DESCRIPTION OF THE TASK ::
Produce an exact copy of the line containing "Maori Haka dance" and of every line after it in the material below, ending with the final line.

INPUT ::
• • • • •

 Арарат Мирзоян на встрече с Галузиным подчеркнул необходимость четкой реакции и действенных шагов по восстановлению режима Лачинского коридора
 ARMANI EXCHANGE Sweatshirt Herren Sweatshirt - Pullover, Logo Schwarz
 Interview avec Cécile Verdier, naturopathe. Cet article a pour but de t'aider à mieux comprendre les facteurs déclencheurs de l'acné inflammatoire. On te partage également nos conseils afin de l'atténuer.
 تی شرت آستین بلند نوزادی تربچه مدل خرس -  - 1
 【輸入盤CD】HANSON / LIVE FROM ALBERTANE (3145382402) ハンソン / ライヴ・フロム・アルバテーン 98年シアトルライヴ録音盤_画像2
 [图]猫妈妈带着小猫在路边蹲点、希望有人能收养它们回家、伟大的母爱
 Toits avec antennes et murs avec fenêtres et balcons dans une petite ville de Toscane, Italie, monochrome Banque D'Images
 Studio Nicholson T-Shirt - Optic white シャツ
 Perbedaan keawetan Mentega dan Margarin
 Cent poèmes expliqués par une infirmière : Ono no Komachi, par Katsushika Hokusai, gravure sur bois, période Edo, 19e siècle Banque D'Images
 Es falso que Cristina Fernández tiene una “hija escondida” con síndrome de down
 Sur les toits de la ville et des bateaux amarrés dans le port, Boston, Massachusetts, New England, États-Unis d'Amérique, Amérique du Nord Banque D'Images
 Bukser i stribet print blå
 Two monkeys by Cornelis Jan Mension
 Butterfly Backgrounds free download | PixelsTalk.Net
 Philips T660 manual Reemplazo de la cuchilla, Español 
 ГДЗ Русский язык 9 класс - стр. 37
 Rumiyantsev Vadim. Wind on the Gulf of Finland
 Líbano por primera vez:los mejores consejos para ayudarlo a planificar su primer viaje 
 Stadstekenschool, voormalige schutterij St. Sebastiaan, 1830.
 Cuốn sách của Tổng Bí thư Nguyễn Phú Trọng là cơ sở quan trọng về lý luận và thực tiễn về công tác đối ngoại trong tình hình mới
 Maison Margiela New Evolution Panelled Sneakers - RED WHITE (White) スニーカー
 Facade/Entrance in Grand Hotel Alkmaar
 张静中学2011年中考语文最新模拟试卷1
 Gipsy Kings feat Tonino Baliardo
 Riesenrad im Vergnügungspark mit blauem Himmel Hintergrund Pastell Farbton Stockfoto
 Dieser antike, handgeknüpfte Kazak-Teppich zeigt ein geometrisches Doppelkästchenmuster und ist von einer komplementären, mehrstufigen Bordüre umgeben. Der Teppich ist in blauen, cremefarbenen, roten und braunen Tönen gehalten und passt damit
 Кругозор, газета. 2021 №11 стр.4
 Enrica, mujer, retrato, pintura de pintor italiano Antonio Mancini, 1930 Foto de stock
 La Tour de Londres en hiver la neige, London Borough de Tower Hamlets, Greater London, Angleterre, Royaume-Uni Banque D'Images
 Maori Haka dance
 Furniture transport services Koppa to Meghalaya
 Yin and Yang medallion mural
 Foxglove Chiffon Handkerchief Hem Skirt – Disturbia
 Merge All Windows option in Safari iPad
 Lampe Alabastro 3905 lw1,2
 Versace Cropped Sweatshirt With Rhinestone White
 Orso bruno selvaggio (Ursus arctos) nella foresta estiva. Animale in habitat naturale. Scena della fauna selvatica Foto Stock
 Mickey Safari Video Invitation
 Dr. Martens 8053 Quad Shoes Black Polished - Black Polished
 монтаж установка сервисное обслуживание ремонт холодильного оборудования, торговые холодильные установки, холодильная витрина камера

• • • • •

ANSWER SECTION ::
 Maori Haka dance
 Furniture transport services Koppa to Meghalaya
 Yin and Yang medallion mural
 Foxglove Chiffon Handkerchief Hem Skirt – Disturbia
 Merge All Windows option in Safari iPad
 Lampe Alabastro 3905 lw1,2
 Versace Cropped Sweatshirt With Rhinestone White
 Orso bruno selvaggio (Ursus arctos) nella foresta estiva. Animale in habitat naturale. Scena della fauna selvatica Foto Stock
 Mickey Safari Video Invitation
 Dr. Martens 8053 Quad Shoes Black Polished - Black Polished
 монтаж установка сервисное обслуживание ремонт холодильного оборудования, торговые холодильные установки, холодильная витрина камера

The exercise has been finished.